I need a regex pattern to check whether characters present in a string consecutively repeats 3 character in another string

EX:

   var string1 = "HelloWorld";    
   var string2 = "Work";

Here the letters "Wor" in string1 repeats in string2, so it should return true.

Any help on this

5 Answers

2
gurvinder372 On Best Solutions

Use split, substring and includes

var fn = function( string1, string2, matchChars ) {
   return !!string2.split("").find( function(item, index){
       if (index + matchChars <= string2.length ) 
       { 
          return string1.includes( string2.substring( index, index +  matchChars ) ); //check after each turn if the substring from index is included in string1 or not
       }
       return false;
   });
}

console.log( fn("HelloWorld", "Work", 3) );

var fn = function(string1, string2, matchChars) {
  return !!string2.split("").find(function(item, index) {
    if (index + matchChars <= string2.length) {
      return string1.includes(string2.substring(index, matchChars));
    }
    return false;
  });
}

console.log(fn("HelloWorld", "Work", 3));
console.log(fn("HelloWorld", "Wod", 3));

3
Jonny On

Code from https://www.garysieling.com/blog/javascript-function-find-overlap-two-strings:

function findOverlap(a, b) {
  if (b.length === 0) {
    return '';
  }

  if (a.endsWith(b)) {
    return b;
  }

  if (a.indexOf(b) >= 0) {
    return b;
  }

  return findOverlap(a, b.substring(0, b.length - 1));
}

Some test cases:

findOverlap("12345", "aaa") // ""
findOverlap("12345", "12") // "12"
findOverlap("12345", "345") // "345"
findOverlap("12345", "3456") // "345"
findOverlap("12345", "111") // "1"

To solve your particular problem you could:

const haveOverlap = (string1, string2) => findOverlap(string1, string2).length >= 3;
console.log(haveOverlap('HelloWorld', 'Work')); // true
3
gil.fernandes On

Another idea would be to concatenate the two strings, lowercase them and then apply this regular expression:

(\w{3}).+(\1)

function repetitions(s1, s2) {
  const s = s1.toLowerCase() + s2.toLowerCase()
  const r = /(\w{3}).+(\1)/
  const res = r.exec(s)
  return res !== null ? res[1] : "";
}

console.log(repetitions("HelloWorld", "Work"));
console.log(repetitions("HelloWo", "Work"));

Here is a more robust version which prevents finding the string repetition in either of the input strings:

function repetitions(s1, s2) {
  const replaceRegex = /(\w{3})(.*)(\1)/;
  const s = s1.toLowerCase().replace(replaceRegex, "$1") + " " + s2.toLowerCase().replace(replaceRegex, "$1");
  const r = /(\w{3}).+?(\1)/;
  const res = r.exec(s);
  return res !== null ? res[1] : "";
}

console.log(repetitions("HelloWorld", "Work"));
console.log(repetitions("HelloWo", "Work"));
console.log(repetitions("HelloWoHello", "Work"));
console.log(repetitions("HelloWoHello", "WorkWork"));
console.log(repetitions("HelloWo", "HelloWork"));

0
Kyle Fairns On

Slightly longer than the other answers here, and nothing too clever about it.
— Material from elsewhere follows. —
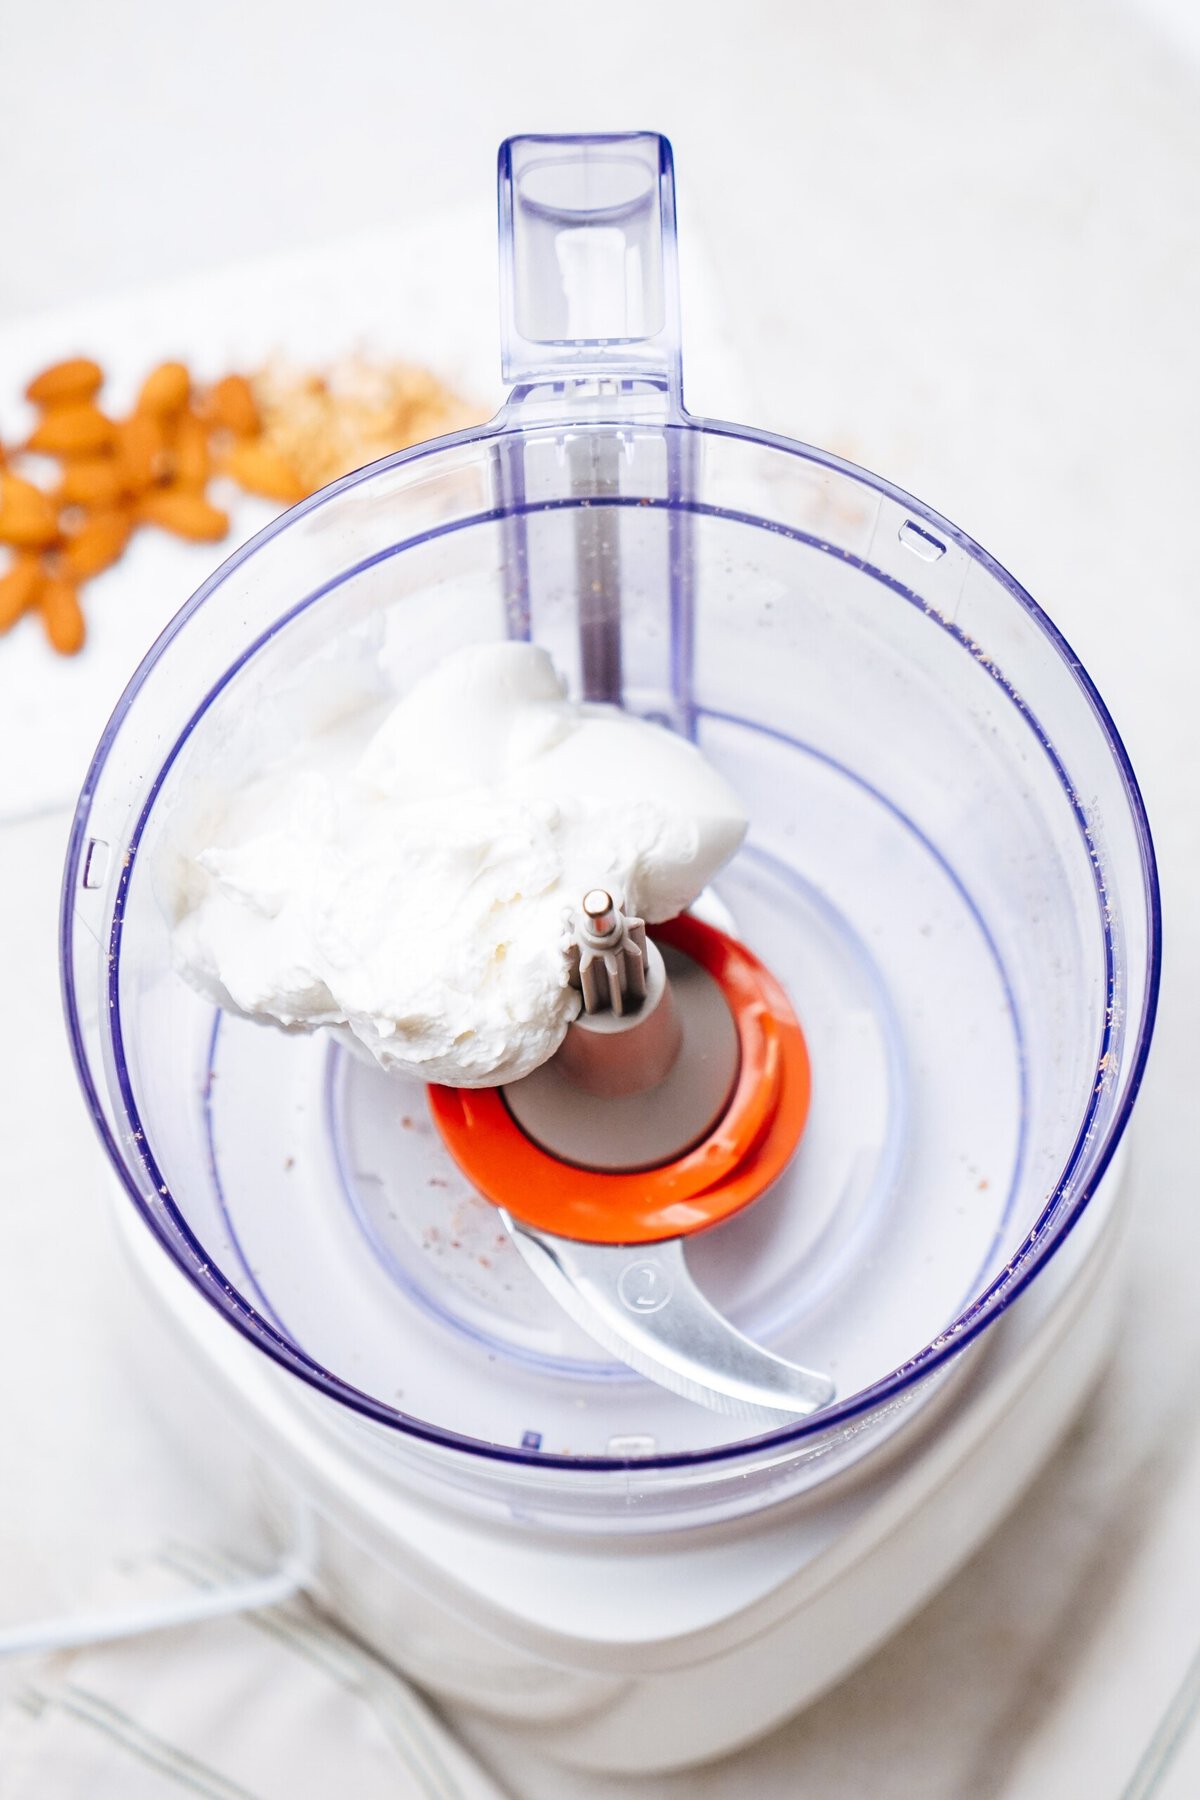 A food processor contains a mixture of white ingredients, presumably cream or whipped product, with a red and silver blade in the center. In the background, there are almonds and other small food items, perhaps for making decadent goat cheese truffles.

Will simply go through and find all matches, which returns an array, and will loop through that array and return true when the longer string contains one of the split strings.
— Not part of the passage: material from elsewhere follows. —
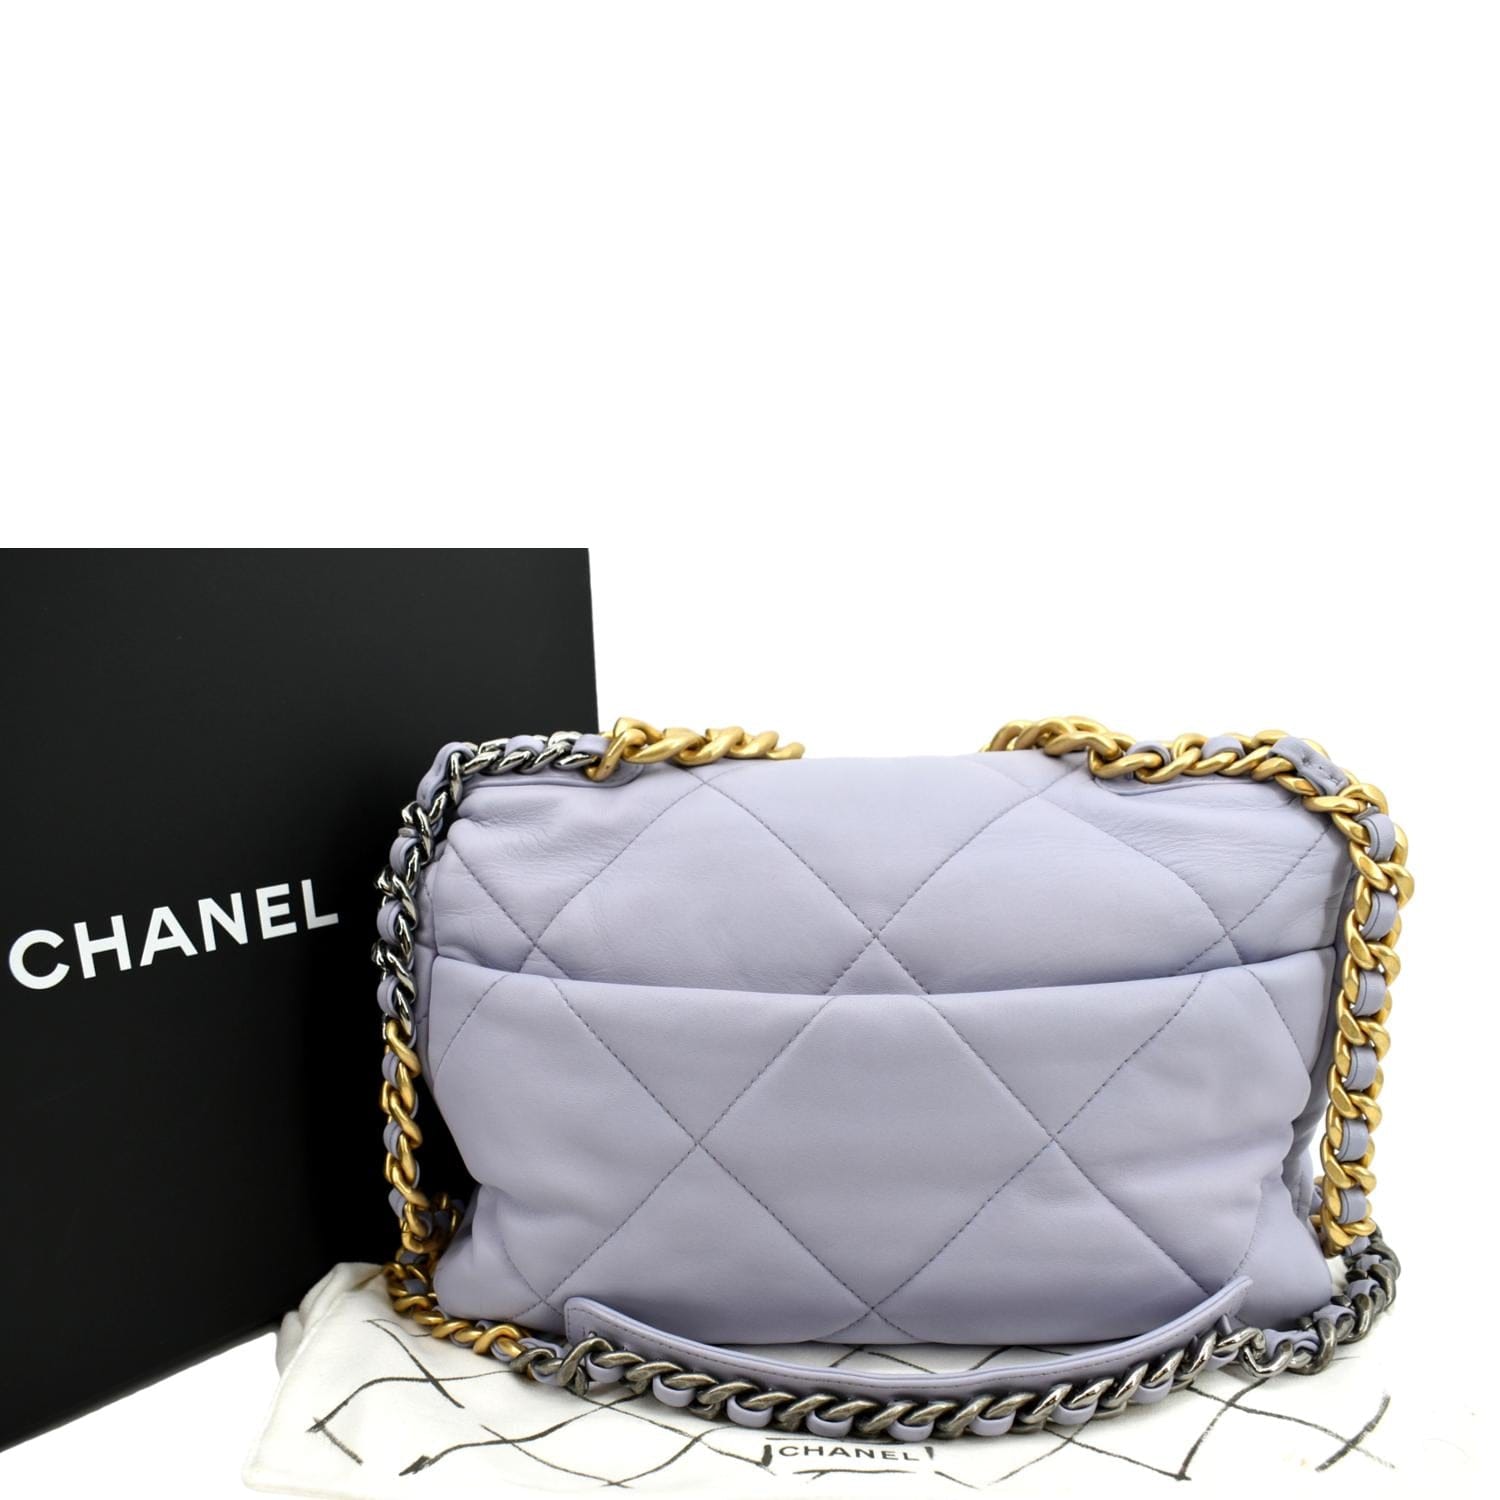 Chanel Lambskin Quilted Chanel 19 Shopping Bag Grey

function getAllConsecutives(string, number) {
  let matches = [],
    regex = "";

  for (let i = 0; i < (string.length - number); i++) {
    regex = new RegExp(`\\w{${i}}(\\w{${number}})`);
    matches.push(string.match(regex)[1])
  }

  return matches
}

function areThereConsecutives(string1, string2, number) {
  let short = string1.length < string2.length ? string1 : string2,
    long = string1.length < string2.length ? string2 : string1,
    consecutives = getAllConsecutives(short, number);

  for (let i = 0; i < consecutives.length; i++) {
    if (long.includes(consecutives[i])) {
      return true;
    }
  }

  return false
}

let string1 = "HelloWorld",
  string2 = "Work";

console.log(areThereConsecutives(string1, string2, 3))

0
Salman A On

Your problem is that of finding longest common substring. Here is a JavaScript implementation of that algorithm:

function longestCommonSubstring(string1, string2) {
    var length1 = string1.length,
        length2 = string2.length,
        matchArray = Array(length1).fill().map(function() { return Array(length2).fill(); }),
        matchSize = 0,
        matchList = [],
        i, j;
    for (i = 0; i < length1; i++) {
        for (j = 0; j < length2; j++) {
            if (string1[i] === string2[j]) {
                if (i === 0 || j === 0) {
                    matchArray[i][j] = 1;
                } else {
                    matchArray[i][j] = matchArray[i - 1][j - 1] + 1;
                }
                if (matchArray[i][j] >= matchSize) {
                    if (matchArray[i][j] > matchSize) {
                        matchSize = matchArray[i][j];
                        matchList = [];
                    }
                    matchList.push(string1.substring(i - matchSize + 1, i + 1));
                }
            } else {
                matchArray[i][j] = 0;
            }
        }
    }
    return matchList;
}

console.log(longestCommonSubstring("abcdefghi", "def"));
console.log(longestCommonSubstring("abcdefghi", "*def*"));
console.log(longestCommonSubstring("ababababa", "ab"));
console.log(longestCommonSubstring("ababababa", "ba"));
console.log(longestCommonSubstring("ababababa", "aba"));
console.log(longestCommonSubstring("HelloWorld", "Work"));

Other implementations available here:
Algorithm Implementation/Strings/Longest common substring